I feel like that on the morning of Seawhite Studios‘ workshops. Not because there’s anything scary about Katie Sollohub or Emily Ball, but because when you sign up for their courses you know you’re going to be encouraged to stray over boundaries, perhaps into the dark forest of your creative fears, and challenge your own preconceptions.
Earlier this week I was fortunate enough to attend Katie’s one-day workshop on drawing the human head. Katie and Emily work closely together, so anyone who was at all familiar with Emily’s wonderful book, Drawing and Painting People: A Fresh Approach, would know this wasn’t going to include a three-hour portrait session on the precise representation of the model in pencil.

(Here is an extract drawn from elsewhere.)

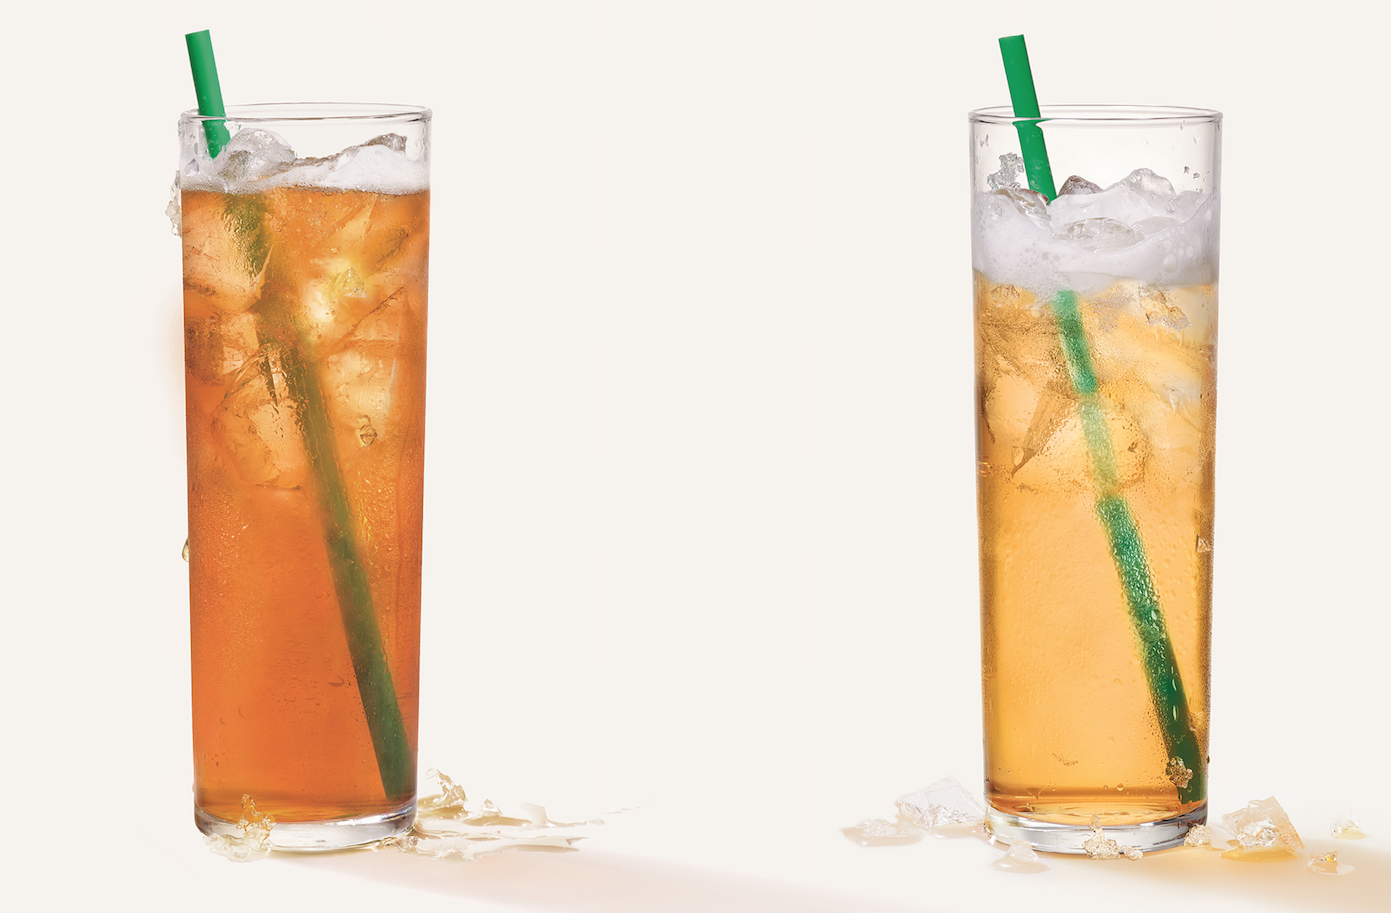 Starbucks Is Giving Out Free Iced Teas. Here's How to Get Them

We were guided through some liberating exercises – drawing our own faces with eyes closed, drawing the model without looking at the paper:
(which resulted in the rather pleasing abstract above) – and producing a drawing by gently spreading crushed charcoal and coloured chalk over paper, completing it with a few lines. I’ve done this before – it’s discussed in Emily Ball’s book – but not with such a light touch, which made all the difference to the finished drawing:
The image at the top of this post looks reasonably conventional. However it was one of two drawings that we were asked to do over existing ones. It was a pleasure to rub out a very dull drawing I’d done earlier in the day and concentrate on Olivia’s astonishing profile and her remarkable ear-rings. Little of the original drawing remains except for a few faint lines and the tint of the rubbed-out charcoal on the paper.
I’d had a rather difficult January, creatively: the lingering effect of flu over New Year and some demanding issues in my work life left me drained and uninspired. I’d done a bit of messing around with acrylic paint and sat in front of empty sheets of paper thinking, “I haven’t a single idea in my head…” The gentle explorations of Katie Sollohub’s workshop, however, cleared a path through the undergrowth as they have before – especially in that charmed space between the figurative and abstraction, which for me has all the wonder and terrors of the forest at dusk!